The skit was very funny to watch and looked like complete chaos, but it demonstrated very clearly how chaotic and busy our mind can be when subs are in control. We noticed that even when all subs were given free reign of the stage, only two were really dominant.
I then invited the director and the audience to suggest changes that they thought were necessary to bring the skit to some kind of order (keeping in mind that while we may be moving to some sort of conclusion, this may not occur). It was decided that MMSP needed to take better control. MMSP, with good, strong and skilful will, invited each remaining sub in turn to present part of the speech. In a very short time a flowing piece had been created. Each sub performed his or her soliloquy without having to compete for a piece of center stage.
The next member of the group shared a slice of real life. He gave a very vivid description of his mother before she died. He described the roles that he and his wife played in caring for her before her death. I chose actors to play him, his wife and his mother. He took the director role.
Again, the first time the skit was played, it was funny and disturbing. I found that although I knew we were dealing with a potentially painful and sad situation, my first urge was to laugh. This makes me think that humor can play a very important role in dis-identification, and it is something that I would like to explore more.
The director seemed very present to the situation, and he asked each character in turn to state in only a few words what they needed from the situation, and then to express this with a gesture. As each actor did this, what had first been a comic display transformed into a very moving and powerful good-bye scene.
Another useful moment during the exercise was when an actor in the group asked the director what he needed at that moment after the scene had been re-played; this showed the importance of checking in regularly during an exercise like this one, and was also a good embodiment of the Play Therapy principle mentioned above that all participants in such a group are simultaneously director, audience and actor.
Participants noted that it was interesting to see your own story played out before you. One member said it was like pillow work (using pillows to represent sub-personalities in identification and dis-identification work), only completely outside you. The workshop demonstrated to me that the combination of drama and psychosynthesis can be very powerful, not only for the person whose drama is being played out, but also for every other member of the group, whatever their role may be.

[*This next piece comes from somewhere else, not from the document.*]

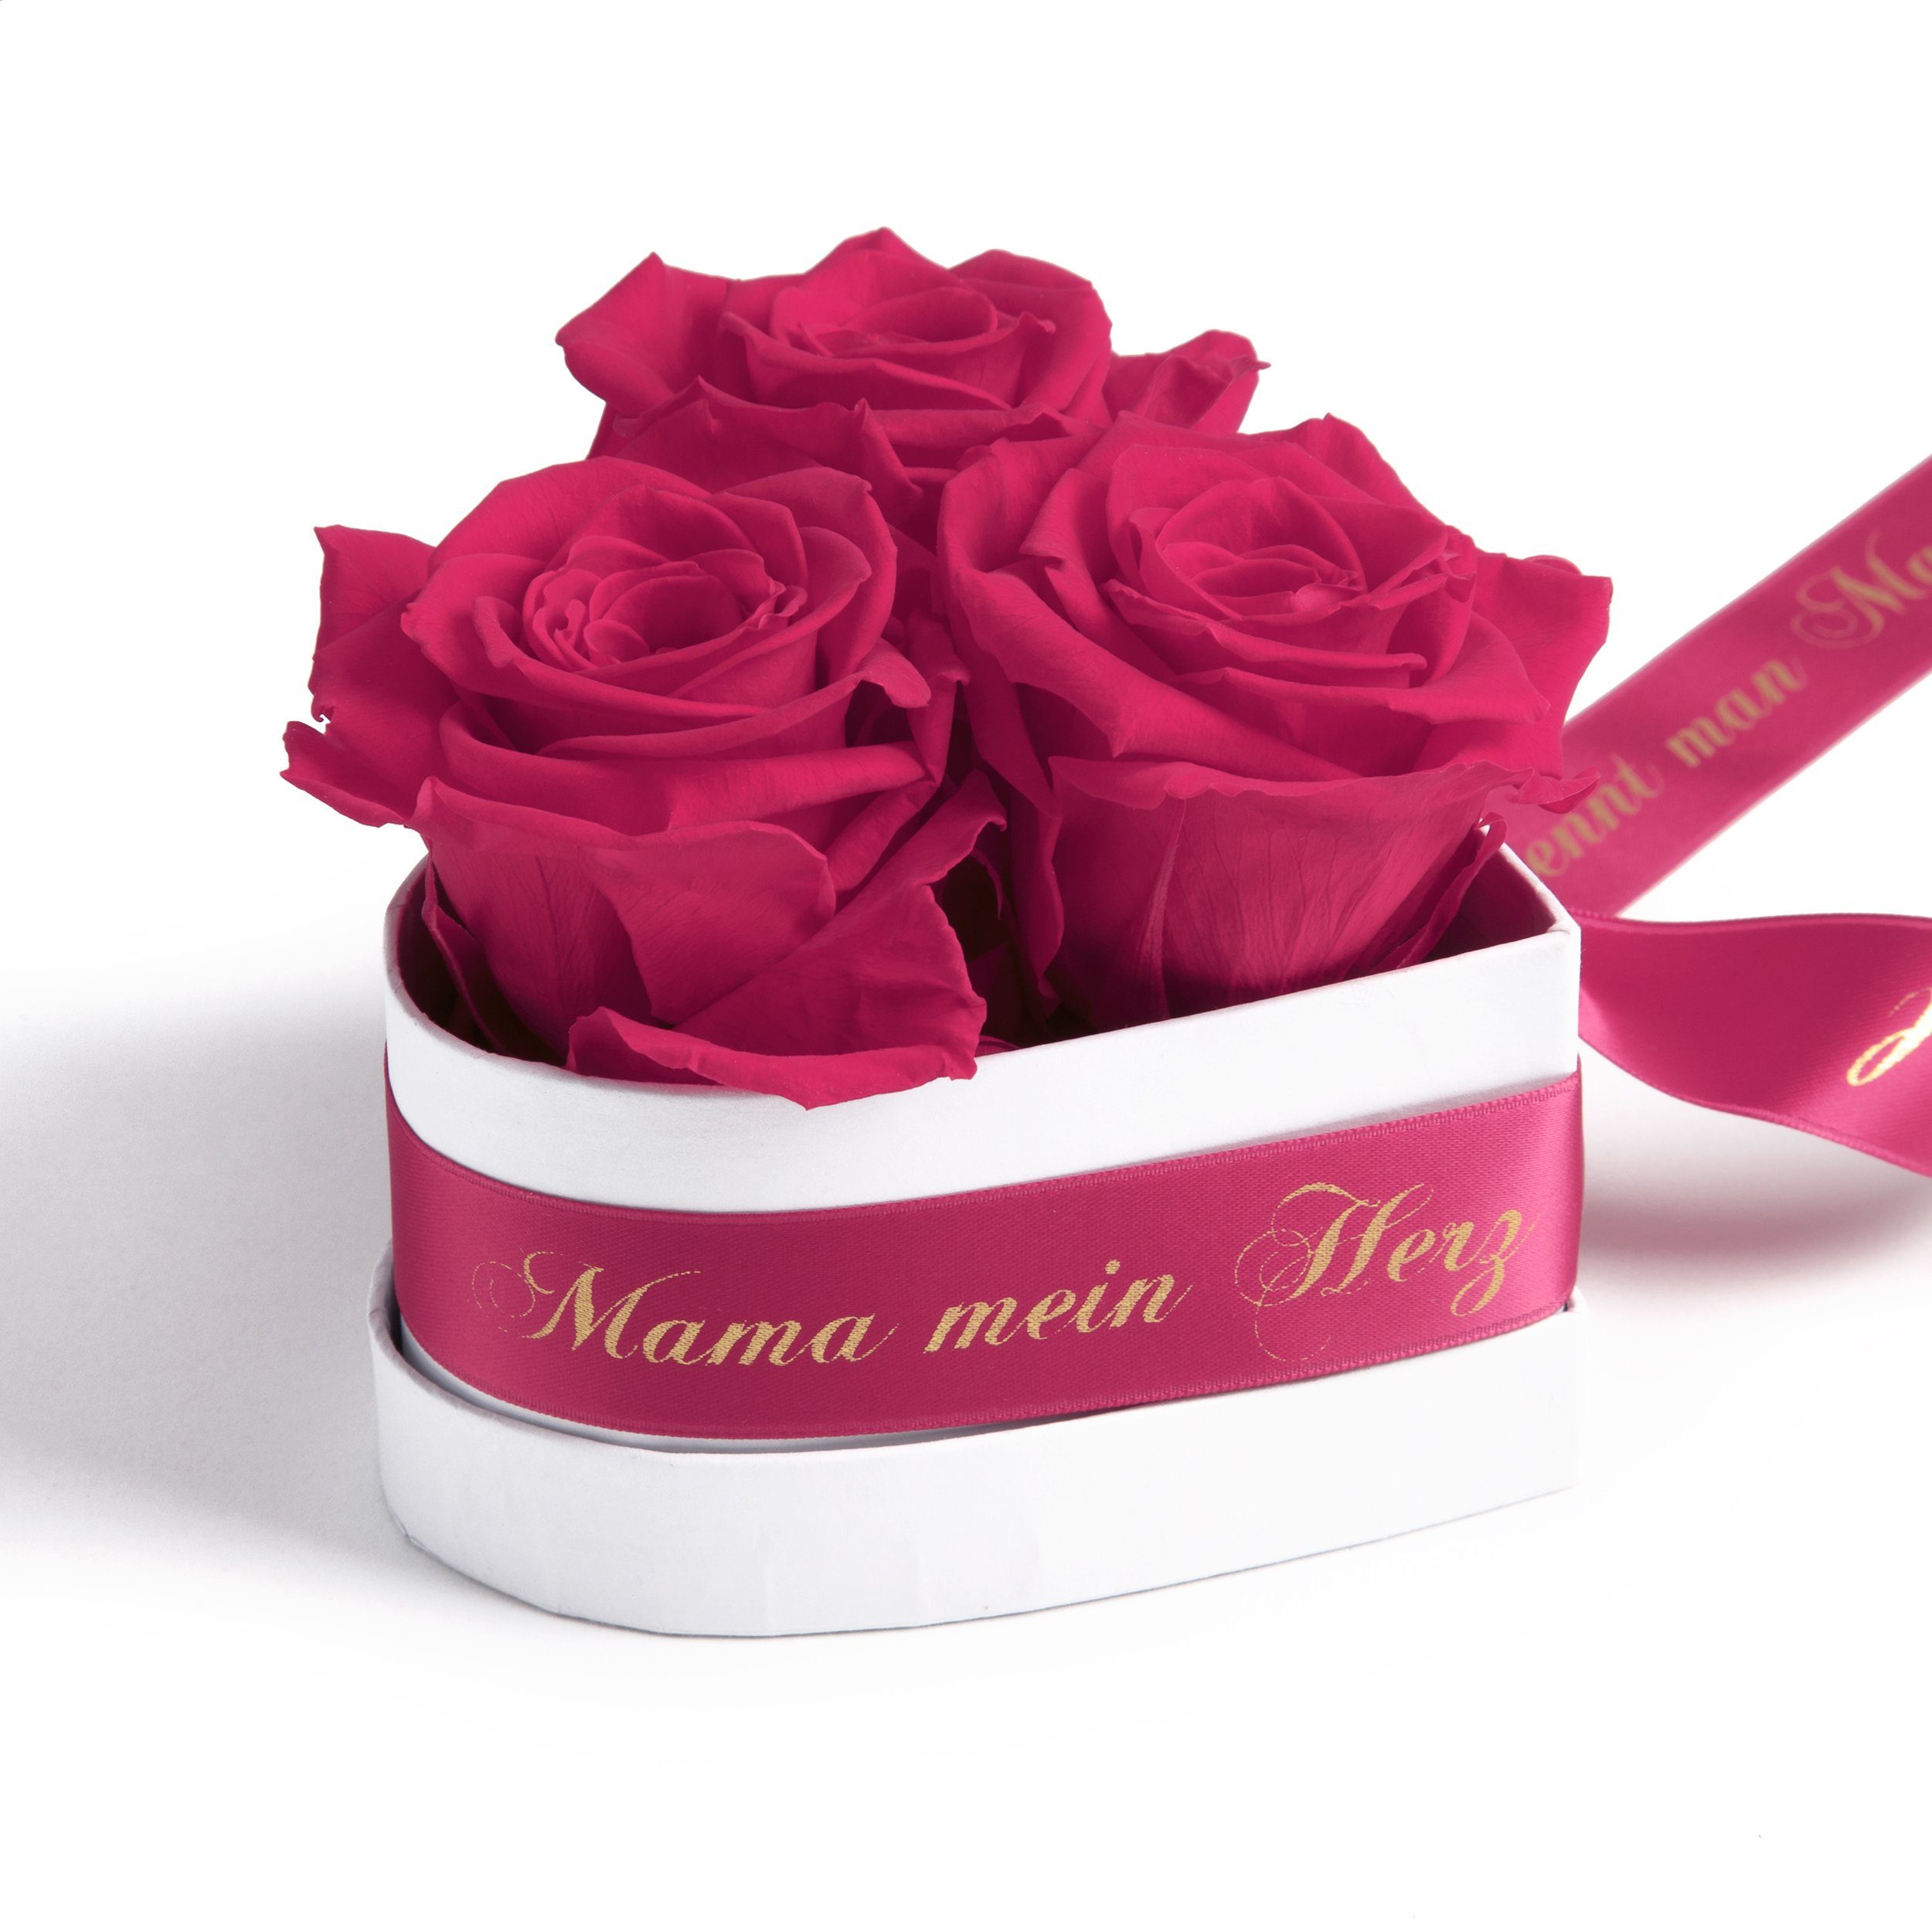 10 3 konserviert Herz Rose, Höhe Rosen haltbar man Mama Rosen ohne Heidelberg, Rosenbox Pink Flügel Kunstblume lange cm, Echte nennt ROSEMARIE SCHULZ Engel

I felt that this workshop was potentially just a beginning in what could be a very rich vein of work. On this occasion, in order to save time, I chose the actors to play each role myself. It could be otherwise, however; the director could do this herself, for example, or actors could be invited to join a scene whenever they felt inspired to. The director herself could play each role in turn. The person who introduces the drama could exclusively take an audience role, and allow their drama to unfold before them to see what it would show them. The variations on how to play and then re-work each drama are limitless. All in all, it seems, the combination of “play” and psychosynthesis holds great promise, and I am looking forward to exploring it further.